Use plus signs '+' to denote segmentation; e.g. if target base name project++ is specified, the output base names will be project01, project02, and so on. |
alt= f1 n1 | this statement is used for renaming source data base fields. F1 specifies the old field name, and n1 specifies the new field name. Any number of renaming pairs may be entered. |
link= f1 f2 ... | the specified items are the names of the link fields (target base) |
sub= f1 f2 ... | the specified items are the names of the fields whose data will be copied from the source base to the target base. If the sub= statement is ommitted, then by default all matching non-link field names are substituted. One may also code sub= * to specify all fields. |
end= | This statement marks the end of the current ARMRSUB cycle. You may append any number of additional ARMRSUB cycles. Each cycle must be marked with an end= statement. |
input source input target output target f1 f2 f3 f1 f2 f3 f1 f2 f3 -- -- -- -- -- -- -- -- -- A Q V1 ... A B X1 A B X1 B A V2 :.. A Q X2 A Q V1 B P V3 ..... B P X3 B P V3
ARMRSUB's substitution function lets you transfer data from a "source" data base to a "target" data base. In the above example we transfer data from the source's "f3" field to the target's "f3" field. The records associated with source and target are linked based on fields specified by you; e.g. in the example, "f1" and "f2" are the link fields. The substitution function will first identify all matching source-target records. For these, the data of "f3" is moved from source to target. Non matching records are left alone. Notice that the first and third source records match the second and third target records. Therefore, V1 and V3 are moved to the target. The first target record is not matched; therefore X1 remains in "f3".
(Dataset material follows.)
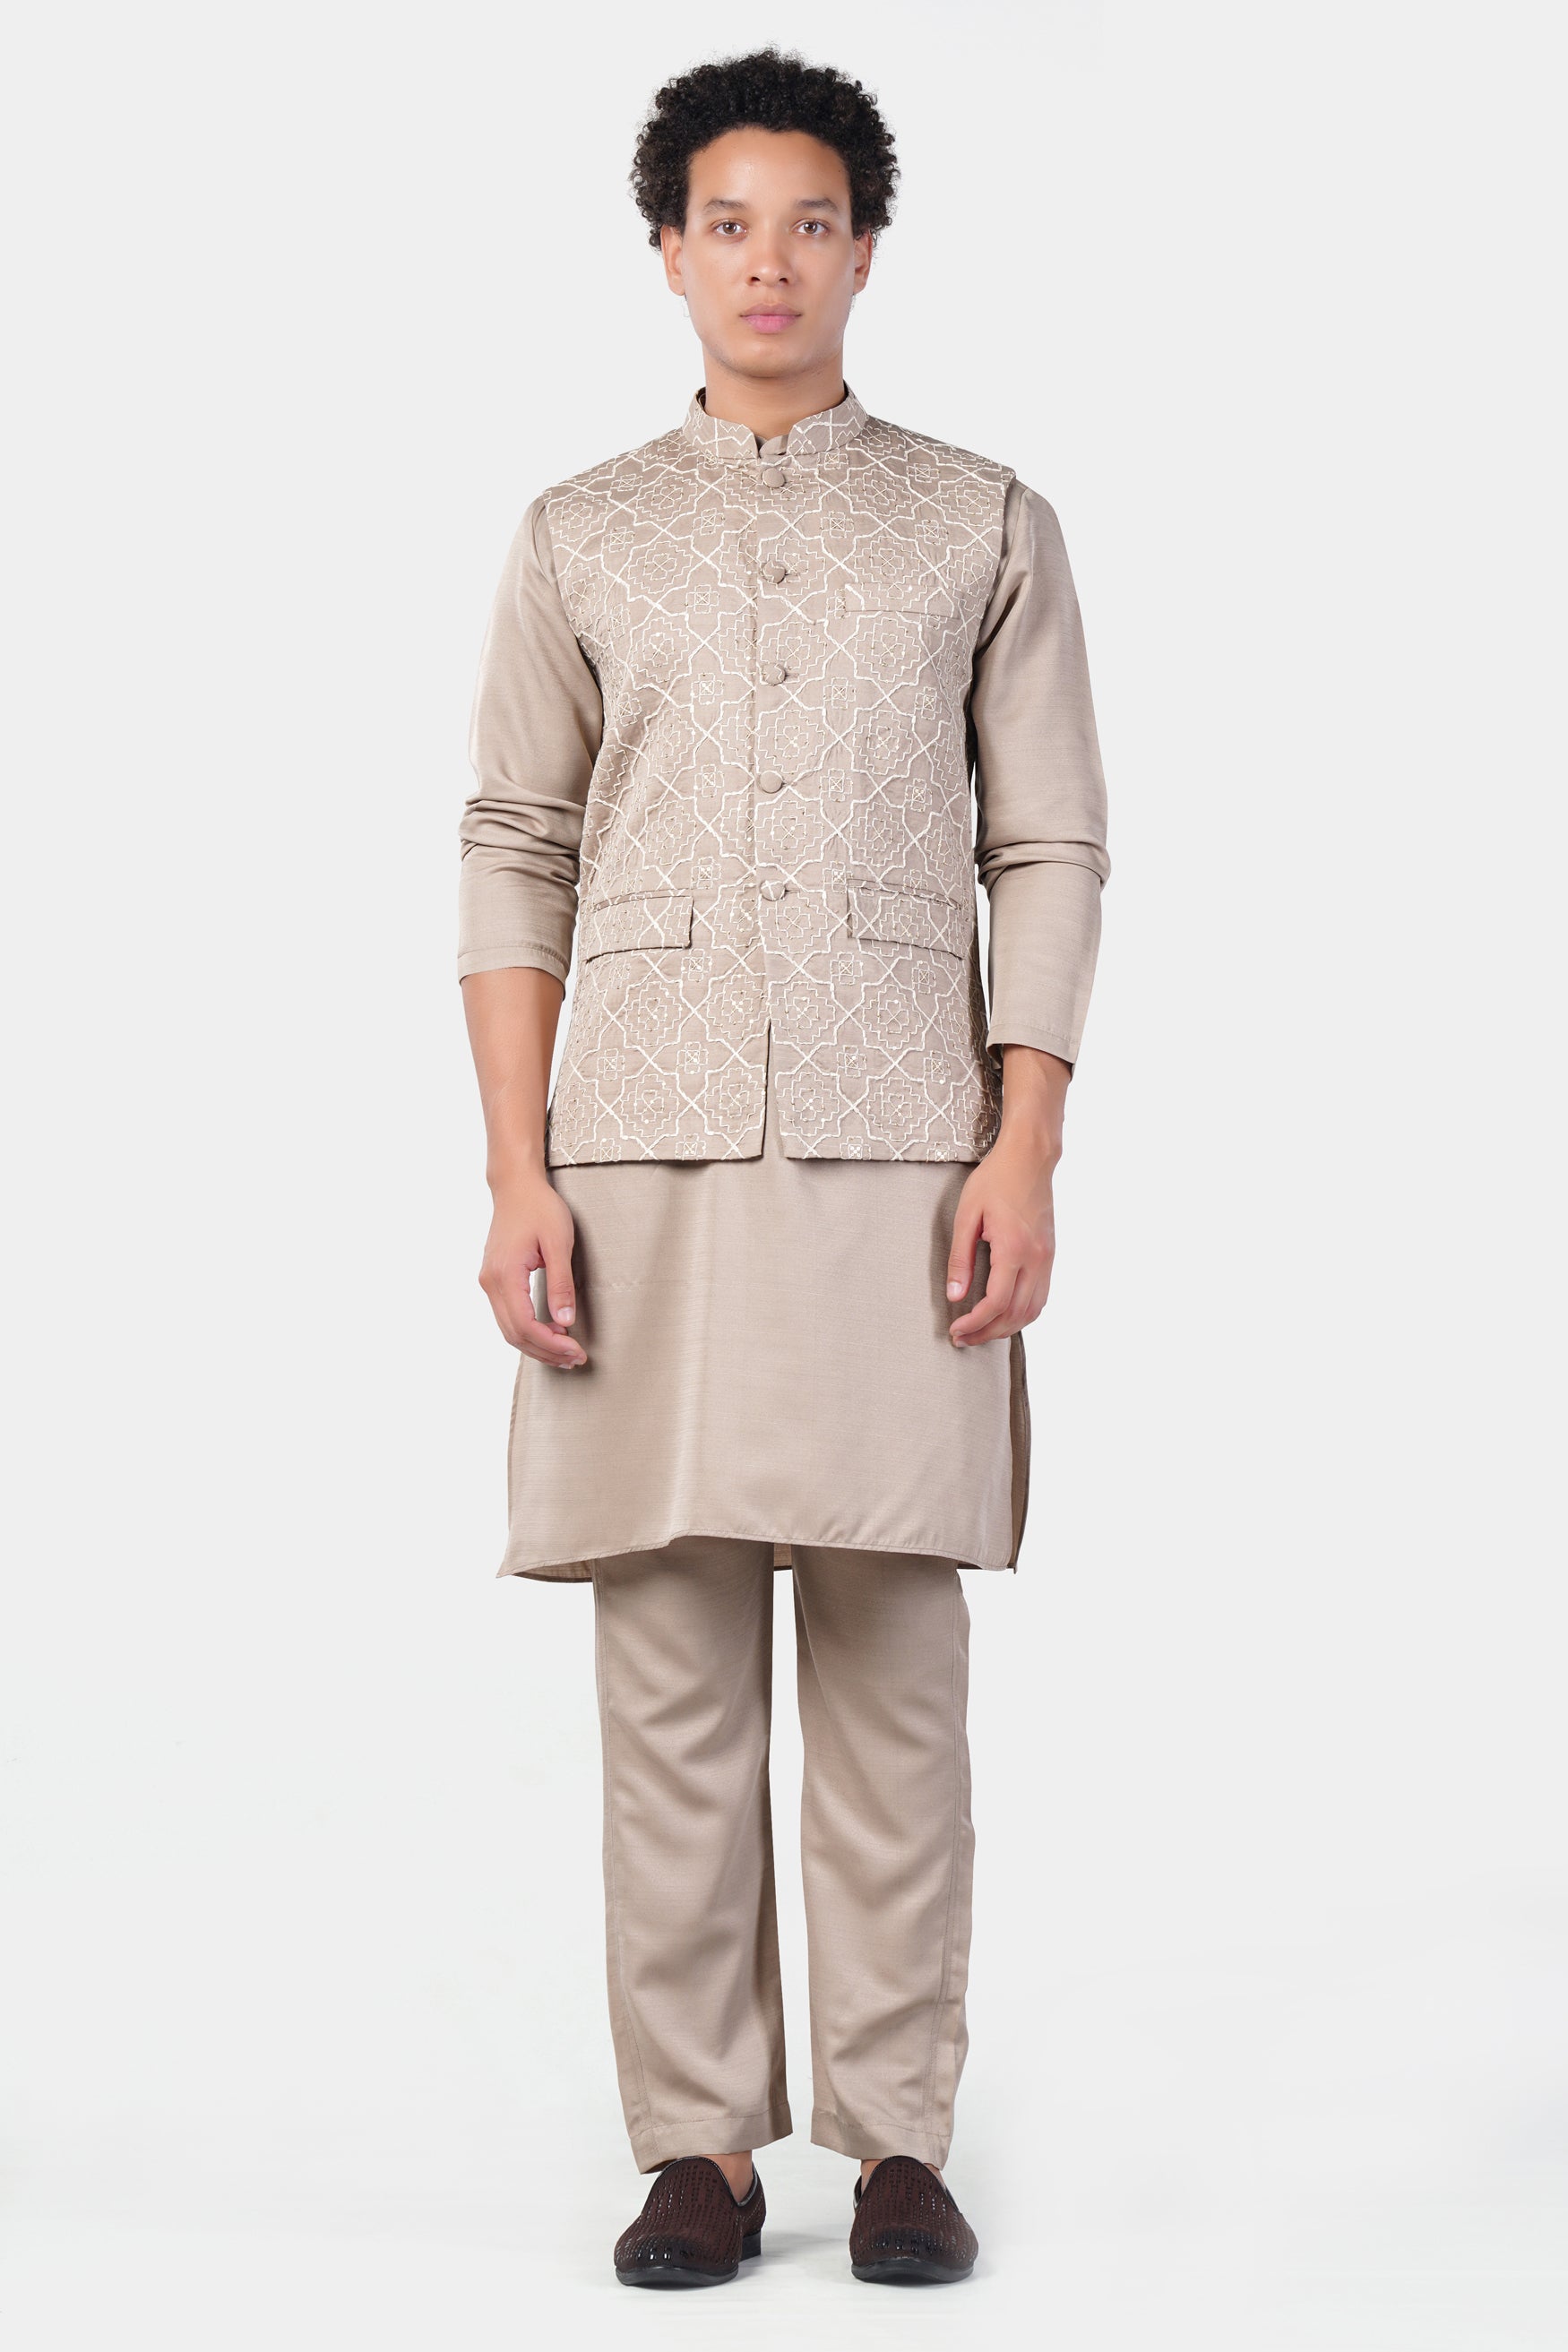 Chalice Brown Subtle Sheen Viscose Kurta Set with Trellis Pattern Thread and Sequin Embroidered Designer Nehru Jacket

A general description of the substitution function is as follows:
The substitute operation can be performed with any pair of data bases, provided that they have two or more fields names in common.
When you substitute data from base A to base B you will identify one or more link fields and one or more substitution fields. The source substitution fields may optionally be summarized.
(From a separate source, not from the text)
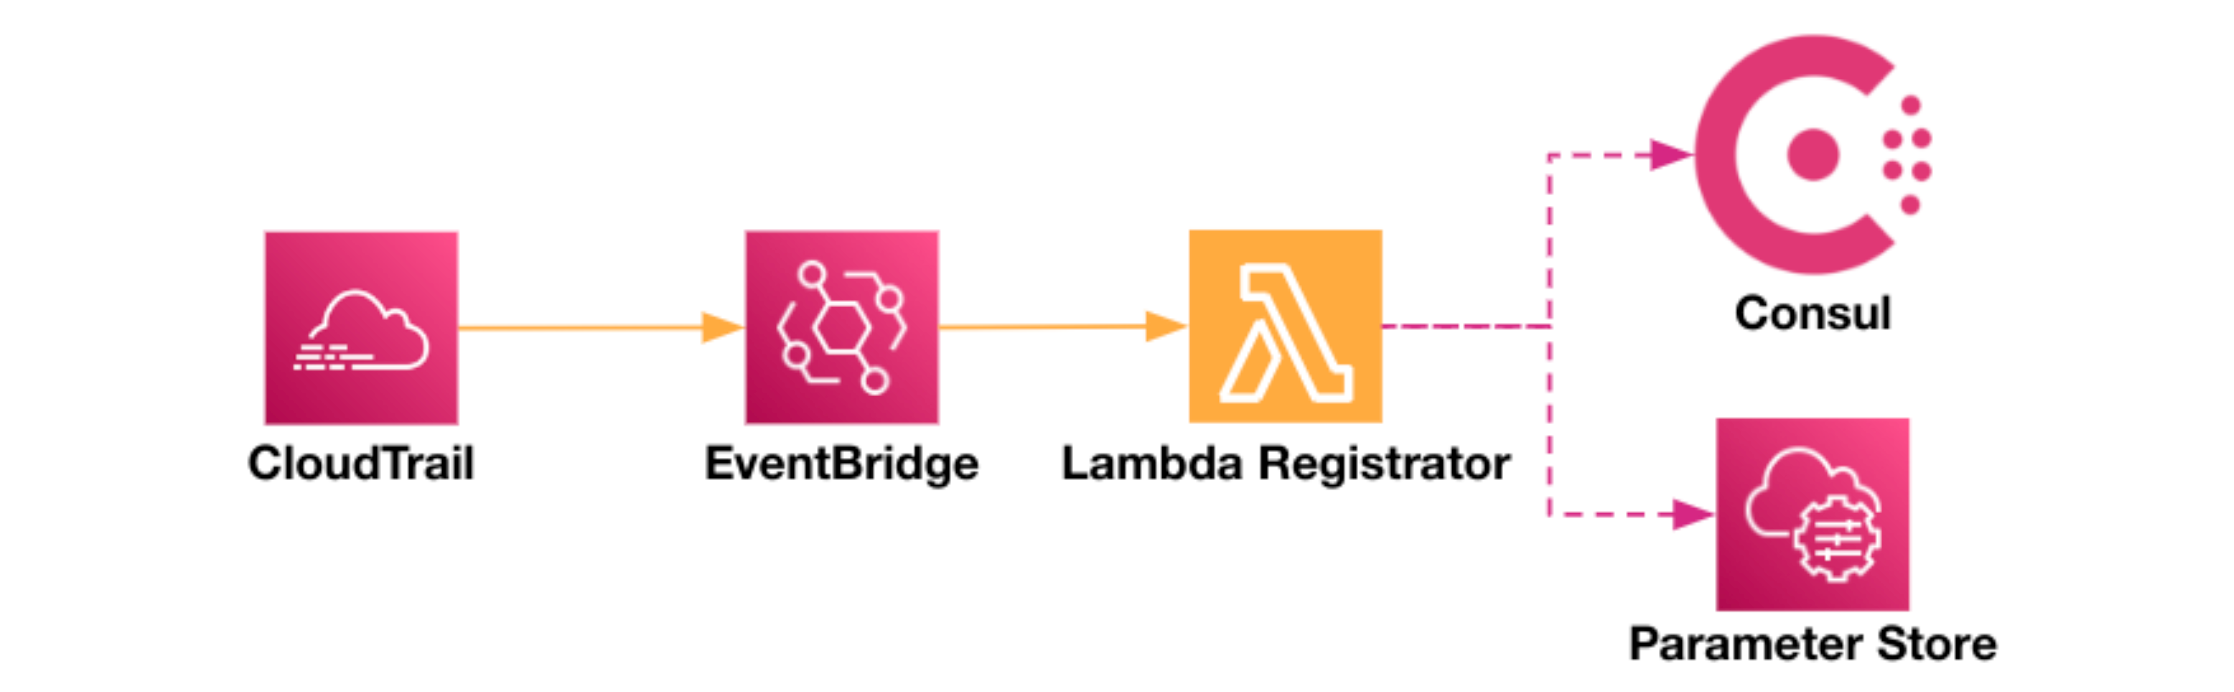 Lambda registration in Consul

Let the set of specified link fields be "L" and let the substitution fields be "S"; e.g. abstracting from our example above think of "f1" and "f2" as L and "f3" as S. The substitution function, hereafter referred to simply as "sub", proceeds as follows.
Our simple example did not show it, but in practice we have any number of records with identical link field values, either in the source, or in the target, or in both. For this reason we must generalize the sub procedure as follows:
Sub views source base A by L and S such that the canonical form is realized; i.e. sub access all unique combinations of L and S of A. Redundant records are ignored unless you specify summarization of S such that all records are combined!
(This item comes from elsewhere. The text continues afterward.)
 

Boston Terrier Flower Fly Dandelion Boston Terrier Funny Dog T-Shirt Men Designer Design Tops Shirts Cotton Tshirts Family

Sub generates source view groups of the form:
A(L1) A(S1) A(S2) A(S3) . . A(L2) A(S1) A(S2) . .
The above symbolism implies that the source base (A) is organized hierarchically by unique link field values. For each unique link field value we form sub groups by unique substitution field values. When you specify that one or more of the substitution fields are to be summarized, we will summarize them at the second hierarchical level in order to realize ARMR's canonical form.
For example, let's assume that L consists of f1 and f2 and that S consists of a numeric field f3. Two possible source substitution views are as follows:
sub view summarized source (no summary) sub view f1 f2 f3 f1 f2 f3 f1 f2 f3 -- -- -- -- -- -- -- -- -- A Q V1 A Q V1 A Q V1+V2+V3 A Q V2 V2 A Q V3 V3
Please note; the summarized view leads to a straightforward substitution; i.e. whenever we match a target record with f1=A and f2=Q, we move the sum of V1+V2+V3 to the target's f3 field.
On the other hand, when a summary was not specified, we must substitute several source records into a matching target record. By default, an error occurs in ARMRSUB when the link field combinations are not unique.
To override this error condition, one uses the -product option. This function allows the creation of new target records. The proliferation of records resulting from this kind of a sub is performed according to the rules of the Cartesian product. If you recall your High School Algebra, you will find that this is very much like multiplying a pair of factored algebraic expressions. More about this later.
Sub views B by L alone. As was done with the source base we also form data groups with L at the top of the hierarchy. The sub groups are simply the target records associated with the given link field value combination. Think of the target groups as having the following general form:
B(L1) B(1) B(2) B(3) . . B(L2) B(1) B(2) . .
Above we mean to imply that the target base is grouped by unique link field combinations. The members of each link group are simply the data base records which are associated with the given link field values.
The example below illustrates how we organize the target view. Note: only the link fields are important here. All records of a particular link field will be updated whenever a match occurs.
target other fields link of target base f1 f2 f3 f4 f5 f6 -- -- -- -- -- -- A Q . . . . . . . . . . . . B A . . . . . . . . . . . .
Recall that we refer to the source base as "A" and the target base as "B".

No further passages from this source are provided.